Those, who suppose the duration much shorter, as 1' 1-half, or 2', urge, that a minute is a longer space of time than most people are aware of; which is very true: but it should also be considered, that if we judge the length of any space of time by the number of ideas, which pass through our minds in that time; a very great fright,—a fright so great, as to take intire possession of the mind for a time, and shut out every idea except that of the present danger, will make us judge the time to be much shorter than it really is. And this, I make no doubt, was the case with many; the surprise, into which they were thrown, being such, as to keep out every idea, except that, which happened to strike their minds with thegreatest force at the beginning. Thus, several perceived no noise distinct from that, which was occasioned by the crackling of their houses, and the disturbance of the moveables in them; while others, who were waked by the noise, and ran from one room to another, have told me, that they felt nothing at all of the shake.

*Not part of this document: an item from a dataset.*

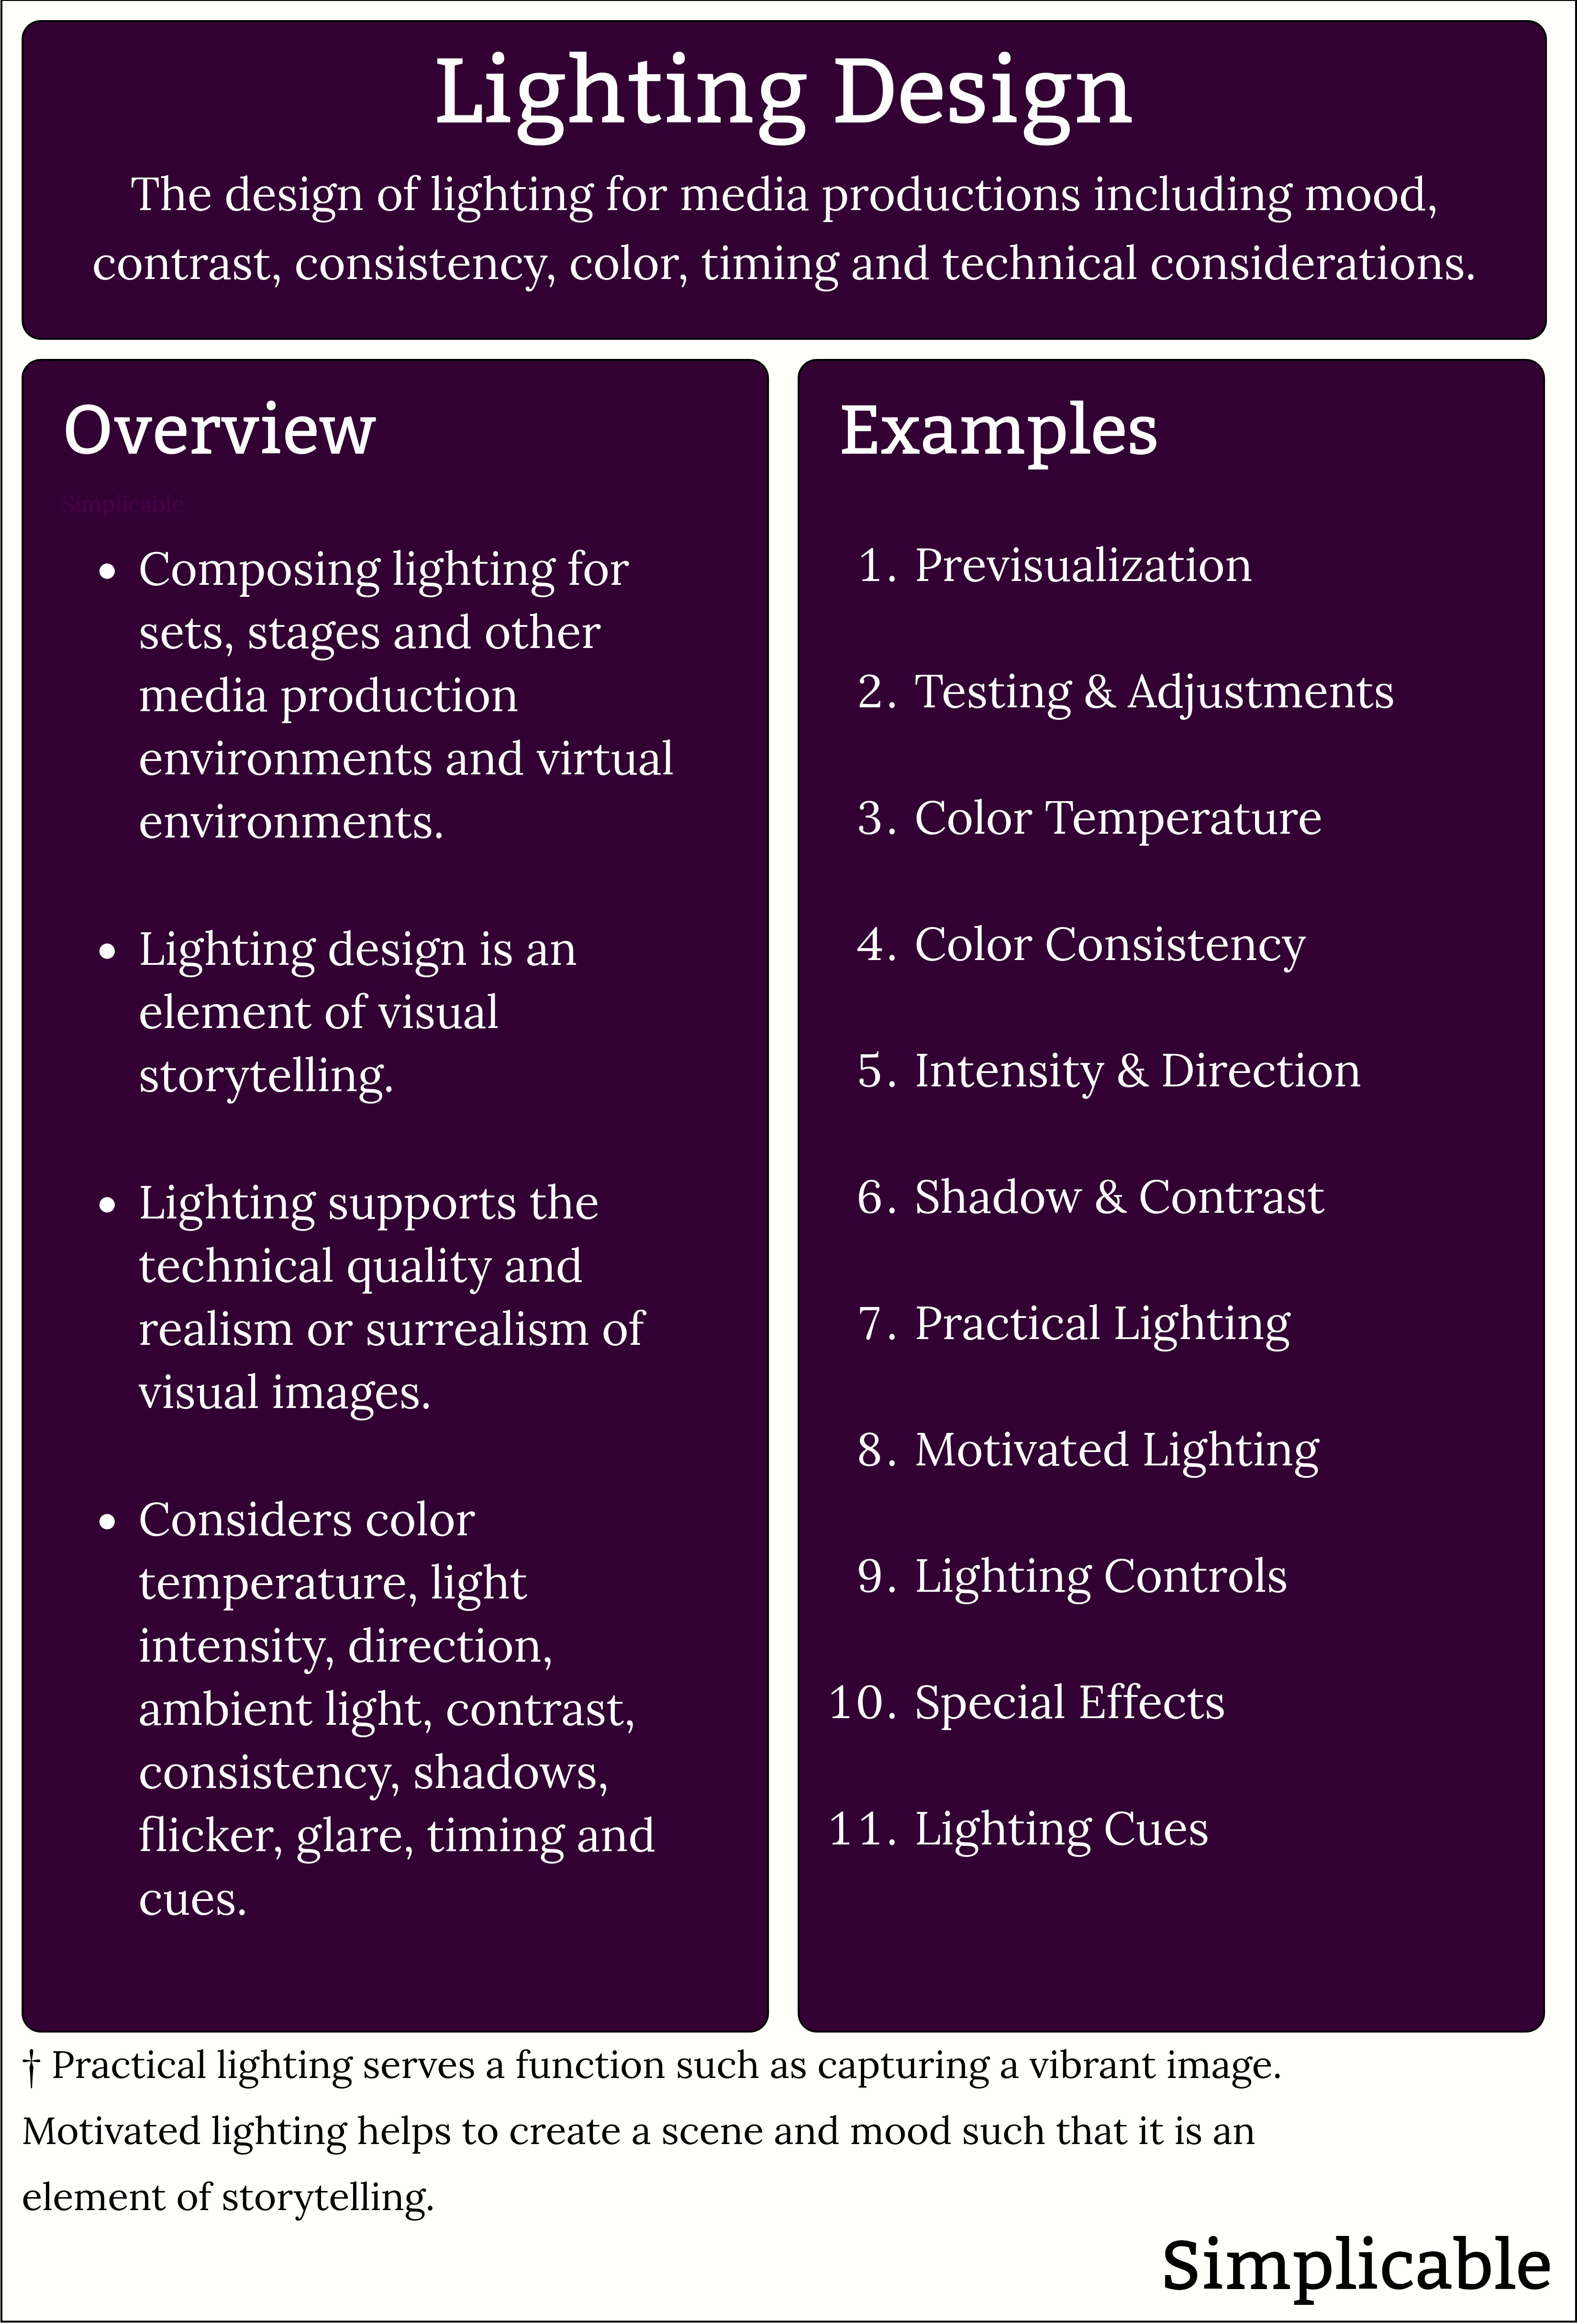 lighting design overview and examples

For this reason, the conjectures, which persons in these circumstances made, as to the duration of the shock, ought not to be put into the balance with the actual observations made by watches.

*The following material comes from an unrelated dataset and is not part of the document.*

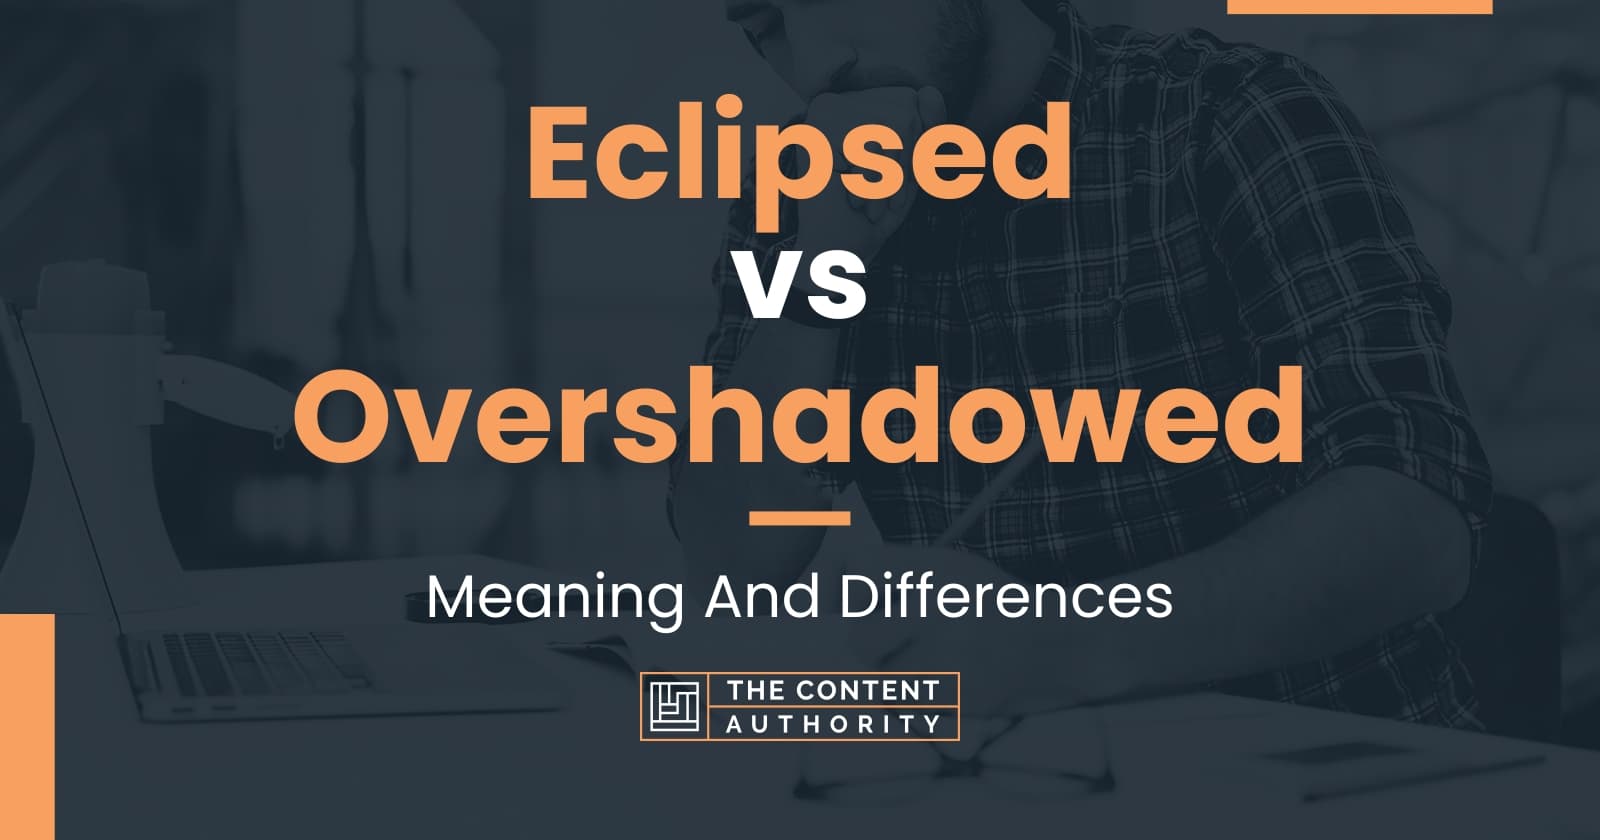 Eclipsed vs Overshadowed Meaning And Differences

The course of this earthquake seems to have been nearly from N.W. to S.E. My neighbour before-mentioned, who was then abroad, and informed me, that the noise began about the N.W. told me at the same time, that it passed off towards the S.E. and that he heard the noise in that quarter gradually abating, as it became more distant, for about the same space of time after the shock was over here, as he heard it in the N.W. before the shock began here. Other accounts, which I have since met with, agree with this. Those, who were in such clear open places, could make the best judgment in this matter; for such, as were within doors, or surrounded with buildings, might easily be misled by the various reflections of the sound. I am induced to give the greater credit to this information by what I observed myself: for a key, which was thrown from off a shelf in my house, was found at a place on the floor, which bore very near N.W. of the place, from which it fell; though the situation of it before its fall was such, that it might have been thrown in any direction, except towards the S.E.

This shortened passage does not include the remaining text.